Manitoba

Winnipeg police, Child and Family Services agencies agree on new protocols to help find missing kids in care

The Winnipeg Police Service hopes a new way of tracking kids who go missing while under the care of Child and Family Services will make it easier to find them. The agencies now make some phone calls before reporting a child missing.

CFS case workers now doing more 'legwork' before reporting youth as missing to Winnipeg police

A person wearing a hoodie, sitting on a skateboard and leaning against a brick wall, is seen in silhouette.
Winnipeg police Insp. Kelly Dennison says police will still track every child reported missing, but a new arrangement with Child and Family Services will provide better intelligence for police before they start looking for them. (Novikov Alex/Shutterstock)

The vast majority of missing persons calls to Winnipeg police — 80 to 90 per cent — involve kids under the protection of Child and Family Services. But the police service hopes a new agreement with those agencies will bring that number down.

An agreement with the police service and CFS agencies now directs case workers to do a little digging — what one missing persons police inspector calls "legwork" — before creating a missing persons file.

"Just simply check to see, does this missing youth have a cellphone? Did you phone that cellphone? Did this missing youth give you any indication of where they're going? Have you checked their social media? Are they on Facebook posting something from Portage Place?" says Winnipeg police Insp. Kelly Dennison, who works with the service's missing persons unit.

"What we are anticipating is if you do that legwork first you are going to locate them before you have to phone and report them missing."

Officers in the missing persons unit recognized there was a problem with dispatching uniformed police to find those kids, some of whom are reported overdue from foster or group homes as many as 15 times, according to Dennison.

Those kids may have missed a curfew and aren't where they're supposed to be, said Dennison.

"If they are going missing 15 times, are they really missing? Or are they at Portage Place? Or at Polo Park? Or at a friend's house? What we are asking of our partners is to do a little bit of that legwork before they phone and report them missing to us."

'Is every child who misses a curfew missing?' says Insp. Kelly Dennison. A new protocol with CFS agencies may help police determine whether a child is actually missing faster. (Jaison Empson/CBC)

He adds the mission hasn't changed for officers in the missing persons unit — but how they accomplish their task has been refocused.

Case workers now have a checklist they should go to before calling police. Calling parents and grandparents or friends is on the list.

Dennison stresses these are broad guidelines that will help, but don't take away from the concern that some of these children are vulnerable to exploitation. Police will still make every effort to find the children as soon as the call comes to them, he said.
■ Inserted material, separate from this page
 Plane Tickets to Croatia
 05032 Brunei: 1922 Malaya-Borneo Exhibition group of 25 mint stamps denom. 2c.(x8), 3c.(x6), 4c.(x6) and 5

But as the inspector in charge of special investigations — including the missing persons and child abuse units — Dennison said the extra effort may help overtaxed police get results faster.

The Province of Manitoba issued a statement to CBC News setting out the parameters of the two-month-old agreement.

"Winnipeg Police Services and Child and Family Services have worked together to create and bring in policy and procedures that support each organization and ultimately children in need," the province's statement said.

"The two organizations have clearly defined what is a missing child and this ensures front-line CFS staff are clear on when a child or youth is missing as opposed to absent briefly, under reasonable circumstances."

The Progressive Conservative government is planning legislative changes to the Child and Family Services Act.

Dennison said the new protocols are so fresh it is hard to measure their impact. Early indications from the first month show a drop of approximately 15 per cent in missing persons reports. 

The police service has received a high level of co-operation from CFS agencies on the agreement, he said.

"They took our recommendations and ran with it."